In questo campionato il Cagliari ha ottenuto due primati assoluti per i campionati a 16 squadre, entrambi relativi alle reti subite: appena undici in tutto il campionato, appena sette in trasferta. Le sole undici reti subite rimangono un primato tuttora in possesso dei rossoblù. Cagliari che, è rimasto, insieme all’Inter, senza sconfitte in casa, mentre il Palermo è stata l’unica squadra senza successi in trasferta.

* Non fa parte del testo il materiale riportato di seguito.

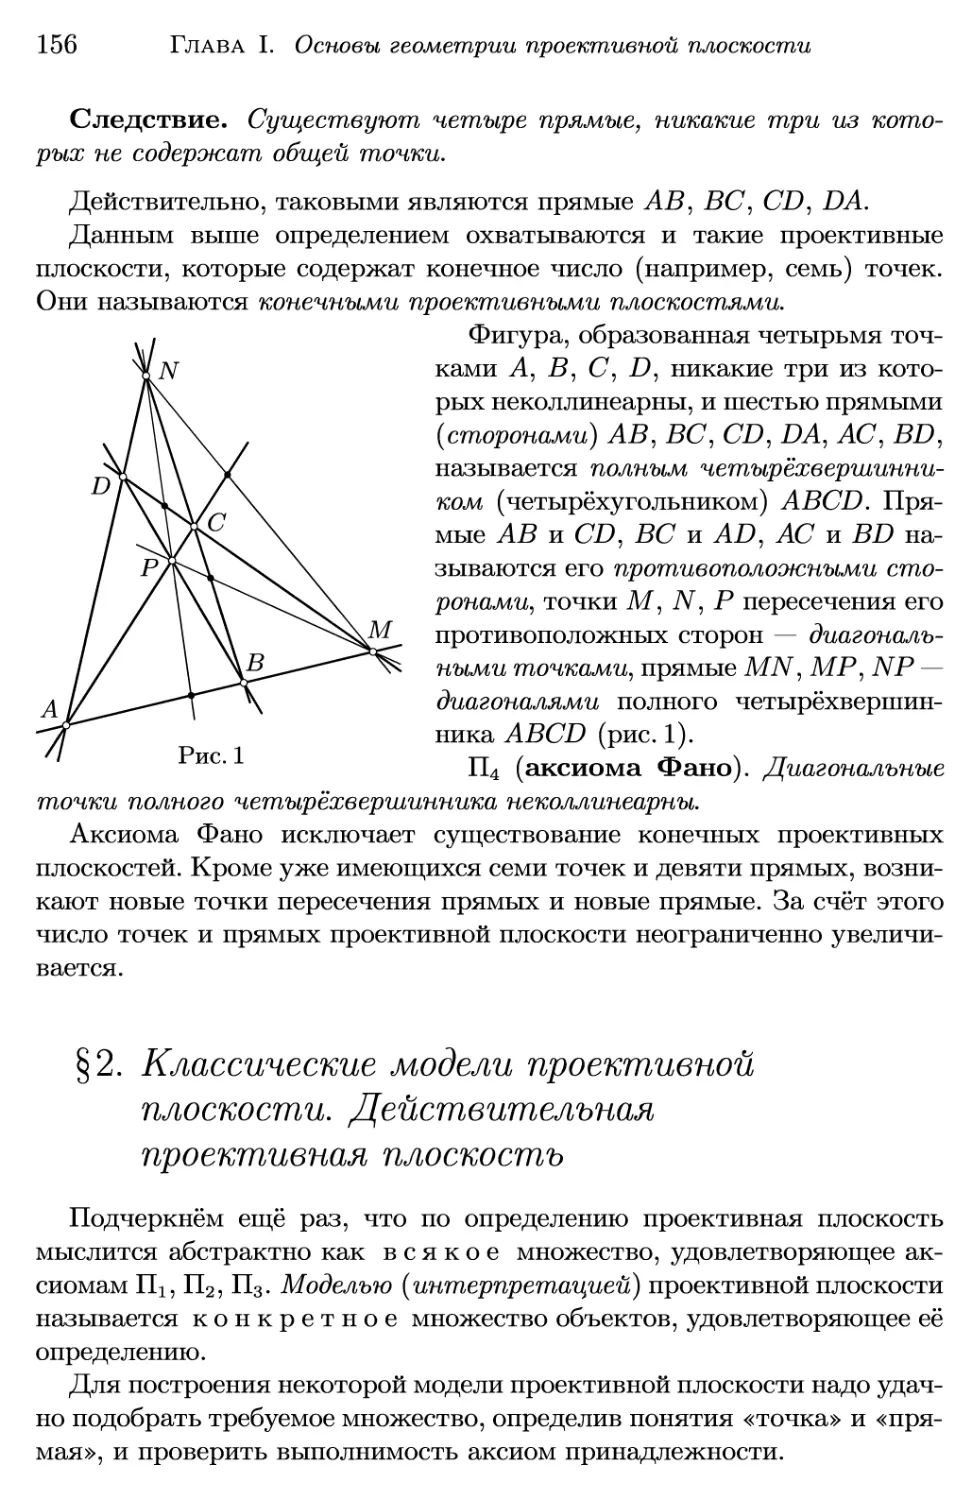 §2. Классические модели проективной плоскости. Действительная проективная плоскость

I calciatori scesi in campo per il Cagliari saranno sedici. Albertosi, Domenghini e Gori saranno i più presenti, giocando tutte trenta le partite. Il massimo realizzatore sarà Riva che diventerà anche capocannoniere del campionato con ventuno reti. La stagione agonistica finisce ma non per tutto il Cagliari. Infatti Albertosi, Cera, Domenghini, Gori, Niccolai e Riva saranno tra i 22 a rappresentare la Nazionale Italiana ai Campionati del Mondo per Nazioni da disputarsi in Messico. La squadra rossoblù è, con i suoi sei elementi, la compagine più rappresentata tra gli azzurri, protagonisti di un grande Mondiale che li porterà al secondo posto, sconfitti dal Brasile e dopo una memorabile vittoria in semifinale contro la Germania Ovest, sconfitta 4-3 dopo i tempi supplementari.